In Game 1, David Price gave up two homers and walked three batters in the second inning, bringing him to five homers and seven walks in his last two starts. In Game 2, Chris Sale was out of whack, showing diminished velocity for the second outing in a row as Baltimore scored three times in 4 2/3 innings.

Boston’s key bullpen pieces struggled even more, with Matt Barnes (3 earned runs, 4 hits and a walk) and Craig Kimbrel (4 ER, 3 BB) allowing seven earned runs while recording one out each.

Cora said after Game 2 that he was not concerned with how his pitchers performed Wednesday, but did cite a flaw in Sale’s mechanics as the reason for the lack of velocity. Sale’s four-seam fastball averaged just 90.2 mph on the day, the slowest of his career.

“It seems like there’s something mechanically going on,” Cora said. “He’s not firing his hips the way he usually does.”

Both Cora and Sale said there were no issues with the lefty’s bothersome shoulder in his outing Wednesday. Instead, Sale said the issue was in his delivery – namely, his inability to drive off his lower half and create torque.

“I think we know where we’re at and what this is about,” Sale said. “Things like this happen. You get out of whack and you’ve got to find a way to get back in that groove.”

With only four games remaining in the regular season, the plan for Sale will be to throw a simulated game or live batting practice Monday as he gears up for a likely Game 1 start in the American League Division Series on Friday Oct. 5. The Sox have not yet mapped out a plan for him or Price yet and are expected to in the coming days.

Sale said that being “107 wins into the season with October ahead” isn’t the time to panic, but Wednesday’s results said otherwise. The Red Sox ace is throwing slower than ever before in his career while coming back from shoulder inflammation and their No. 2 starter is showing signs of the streakiness that his marked his Boston tenure. Potentially even more concerning is that the team’s top two relievers (one of which doesn’t look fully healthy after an extended absence due to hip troubles) had trouble getting outs against the worst team in baseball.

With eight days left until Game 1 of the ALDS against either the Yankees or Athletics, the Red Sox better hope there’s enough time for all four of their best pitchers to get back on track.

“Once those lights flick on in October, I’ll be there,” Sale said.

The Red Sox better hope the best versions of Price, Barnes and Kimbrel join him.

RELIEVER TYLER THORNBURG has effectively been shut down for the rest of the season, Cora said Wednesday.

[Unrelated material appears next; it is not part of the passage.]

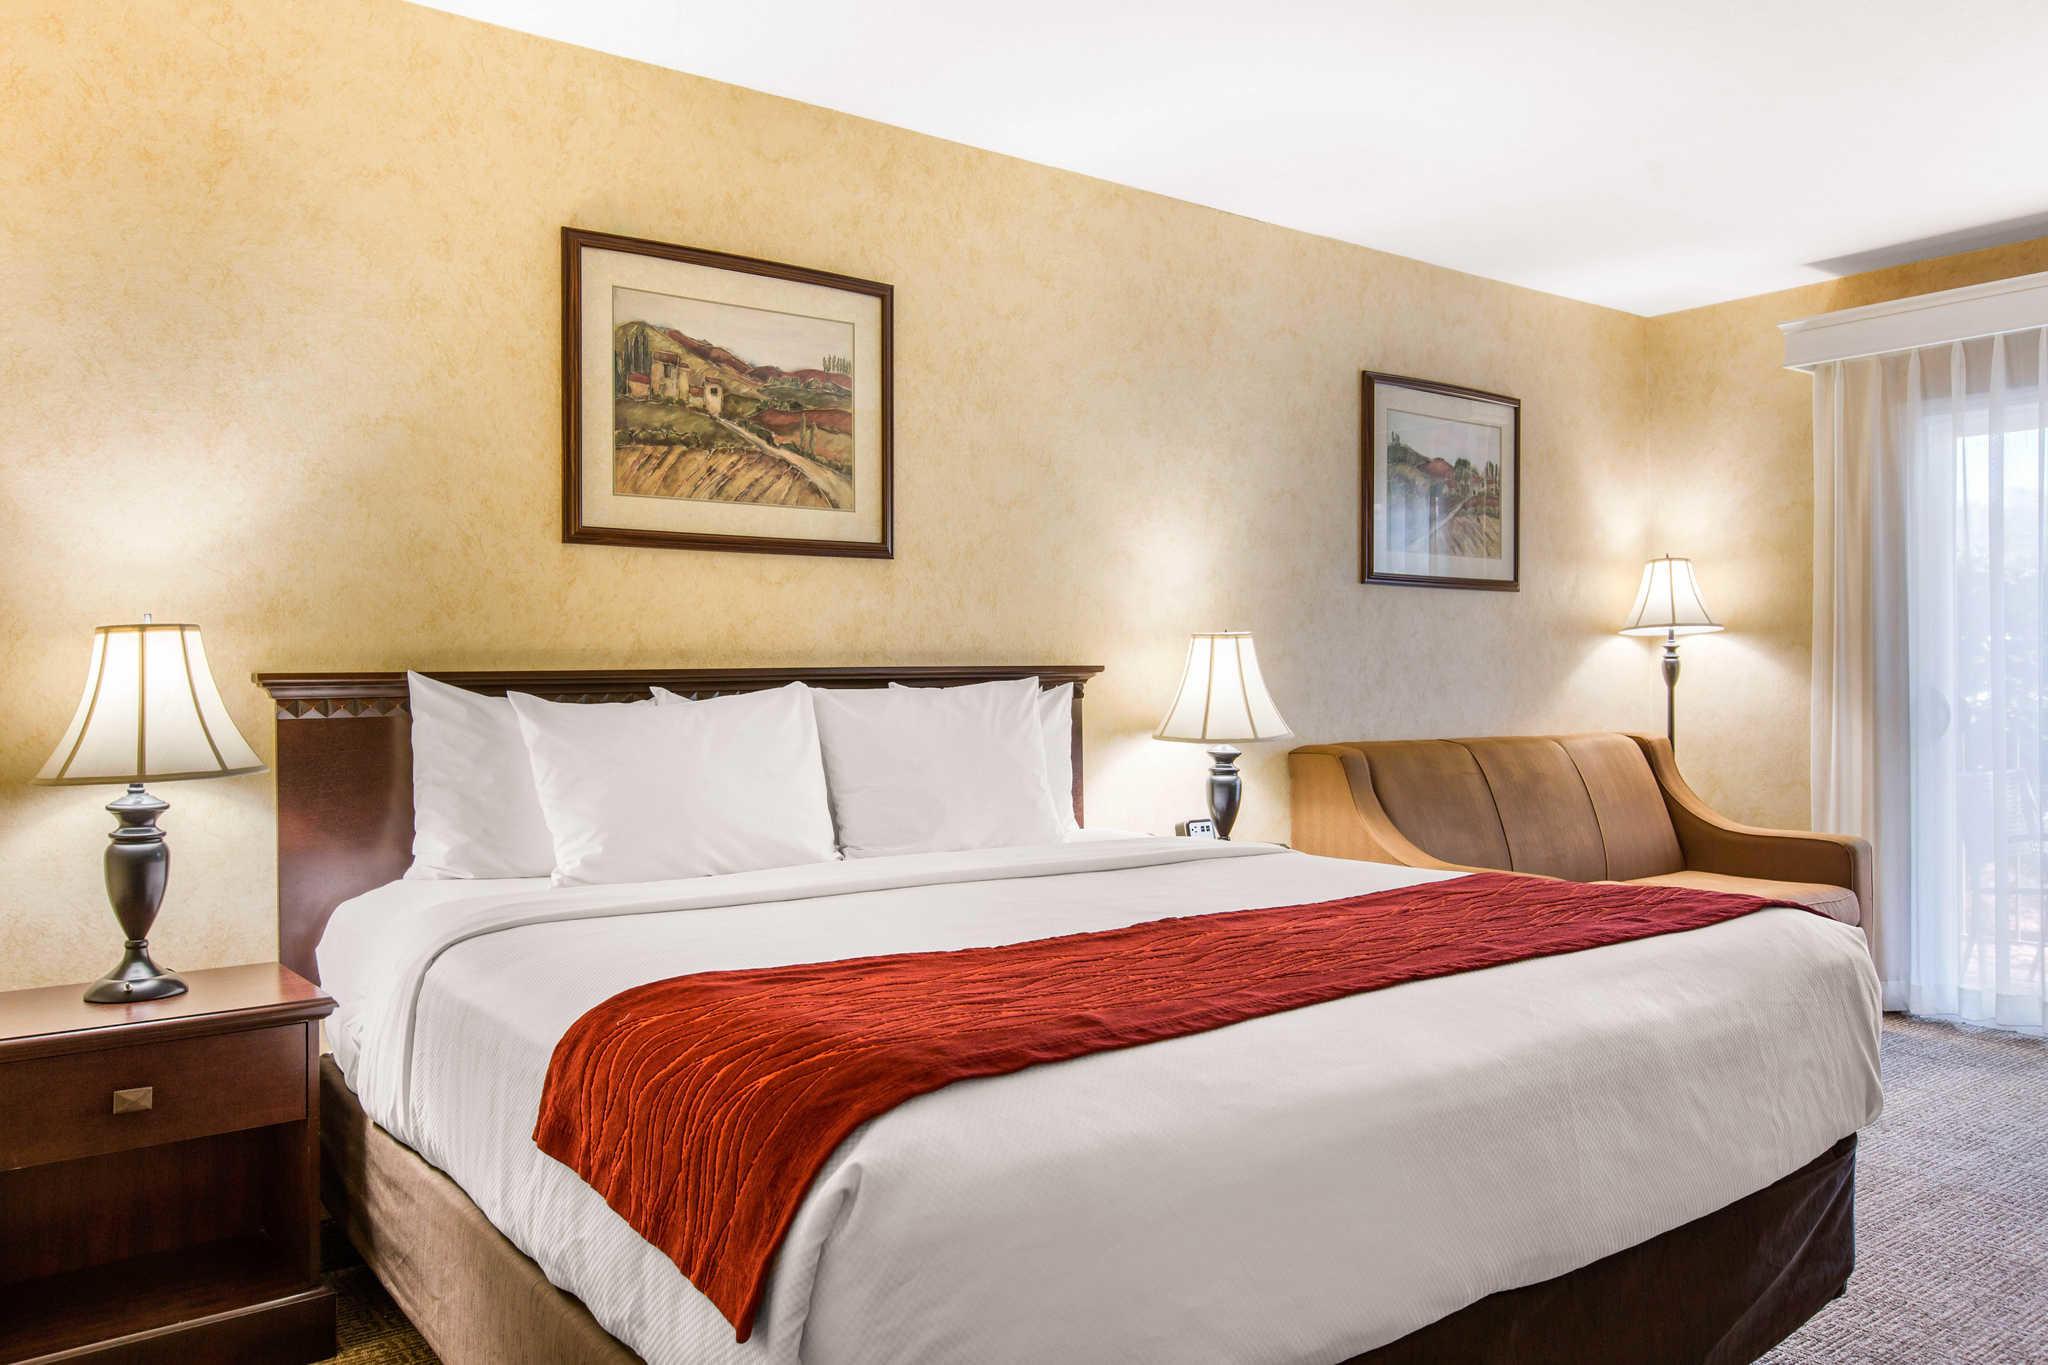 Hotel Rooms In Escondido Ca
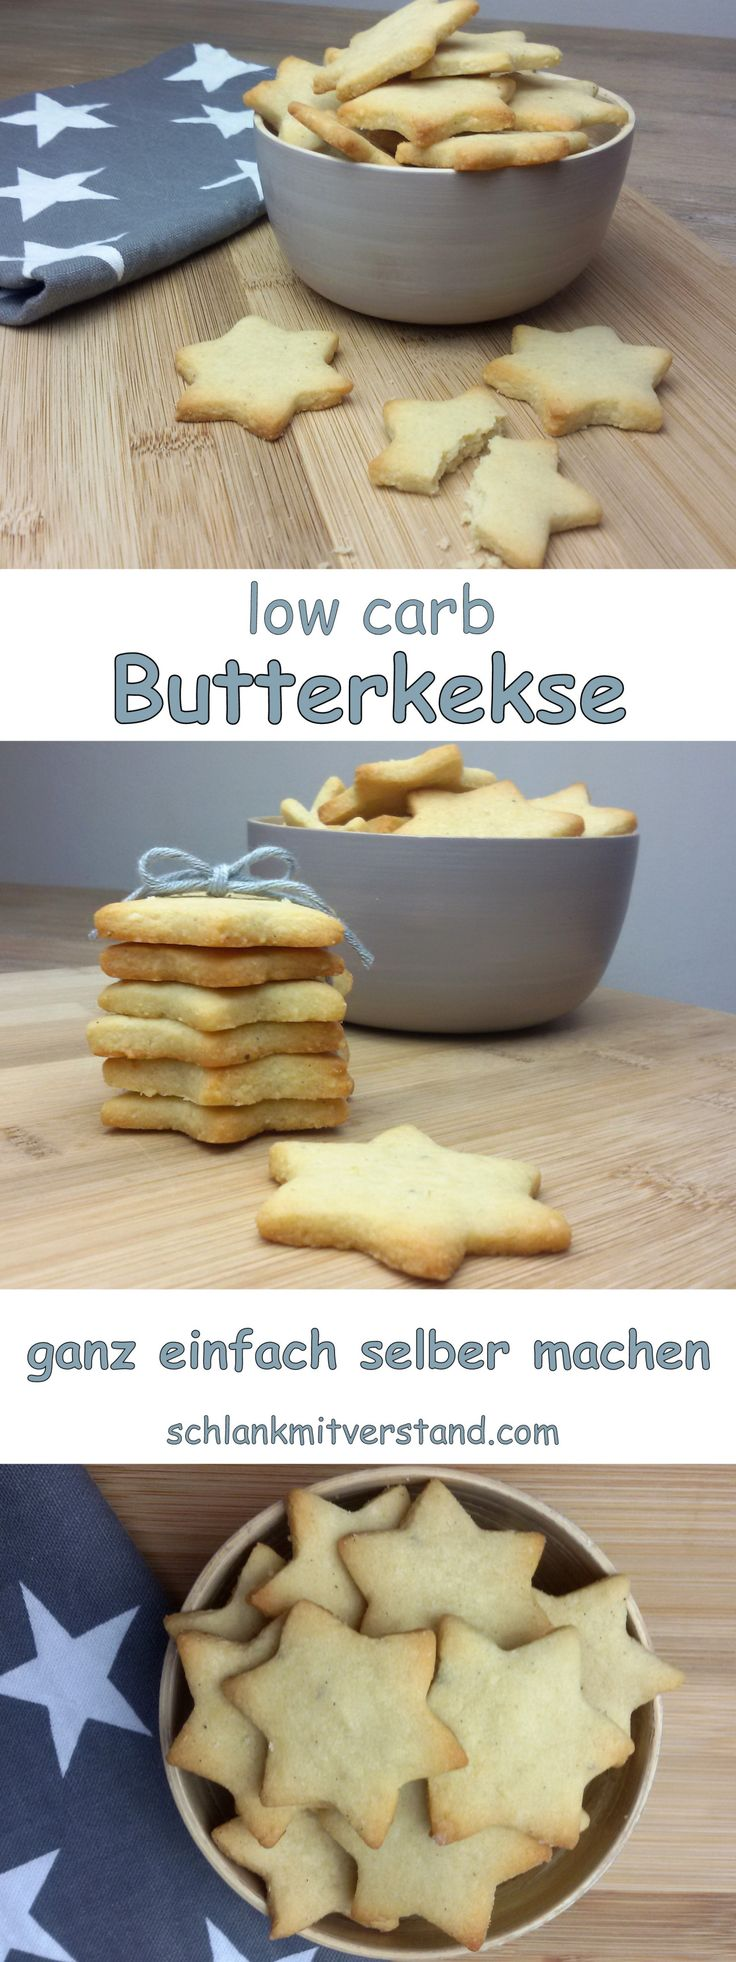 low carb Butterkekse einfach selber machen Bei uns gab es heute wieder leckere Butterkekse. Das Mandelmehl sollte entölt sein. Zutaten für ca. 30 Stück: 100 g Butter, weich 80 g * Mandelmehl, entölt 30 g * Xylit (fein) 1/2 TL * Sonnentor Vanillepulver 1 Prise Salz #abnehmen #lowcarb #Rezept #deutsch #Foodblog #Kekse #Sterne

Thornburg last pitched Sept. 14 against the Mets, allowing three earned runs in 0.2 innings in an 8-0 loss. His struggles with command, along with his inability to bounce back effectively after the outing, led to the decision to stay away from him for the rest of the year.

“There’s no need to push him hard,” Cora said. “For us, we’re happy with everything he did throughout the season to get to the point where he was competing at this level.”

Thornburg returned to the majors after a year-and-a-half absence on July 6 and made 25 appearances in his return from thoracic outlet syndrome. He posted a 5.63 ERA and 6.03 FIP in 24 innings, showing promise especially during a six-game scoreless stretch from July 22 to Aug. 5.

The hope is that a “normal” offseason for Thornburg without rehab can lead into him being an important bullpen piece for the Sox in 2019.

“He’s excited about (the offseason) even though he’s frustrated about this,” Cora said. “It’s all different. It’s not that you go to the offseason for rehab. You go through your normal routine and you do all your baseball activities. Going into spring training, there’s no hesitation.”